In this innovative history of the science of meteorology, Simon Naylor focuses our attention on the spaces in which it was pursued: meteorological observatories. During the nineteenth century, meteorologists established or converted sites where observers and their instruments could be housed, where they collected and analysed data and developed meteorological theories. He examines a number of these sites around the British Empire, along with the governmental, military and commercial networks connecting them. Taking many shapes to capture the weather in different environments, these observatories brought various social groups into contact with the practice of science, including sailors on naval surveying vessels, climbers ascending Scottish peaks, and families checking their rain gauges at home. Through a study of these spaces, Naylor argues for the treatment of meteorology as an experimental observatory science, on which the development of knowledge about local, regional, national and global weather and climate relied.

Reviews

‘Admiralty ships, a Scottish mountaintop, Bombay harbour and even the pages of a modest rainfall periodical - Naylor brilliantly illustrates where and how data counts. As he traces the stories of these places, Naylor raises provocative questions about the ideals of collective science, and about the techniques of accumulation that guide our assumptions about the future of our weather and our weather data alike.’

Katharine Anderson - York University

‘A sweeping study of how atmospheres, airs, and winds came to be known, and in exciting new ways across the nineteenth century. Meteorology was entirely refashioned, Naylor shows us, Victorian observers and observatories making new skyscapes, seascapes and landscapes that shape our present.’

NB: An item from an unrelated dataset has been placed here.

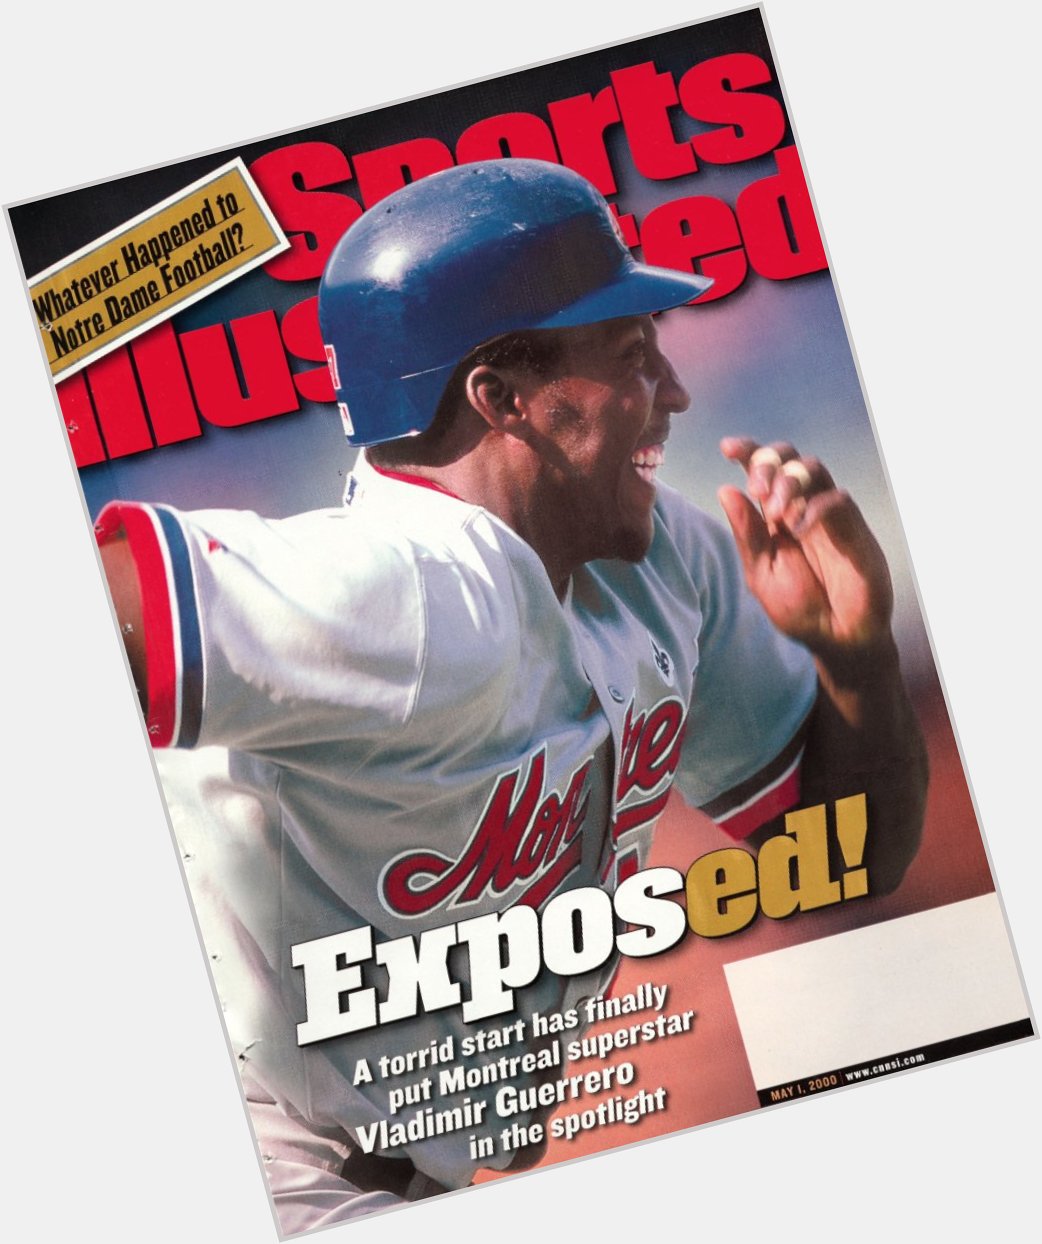 Happy birthday to one of baseball s newest Hall of Famers, Vladimir Guerrero!

Alison Bashford - Alison Bashford, University of New South Wales, Sydney

‘This deeply researched book traces the fascinating twists and turns of early scientific meteorology. Naylor’s meticulous descriptions will make readers marvel at the complex quest for weather data that consumed Britain’s professionals and amateurs throughout the nineteenth century, eventually producing remarkable globe-spanning networks that seem commonplace today.’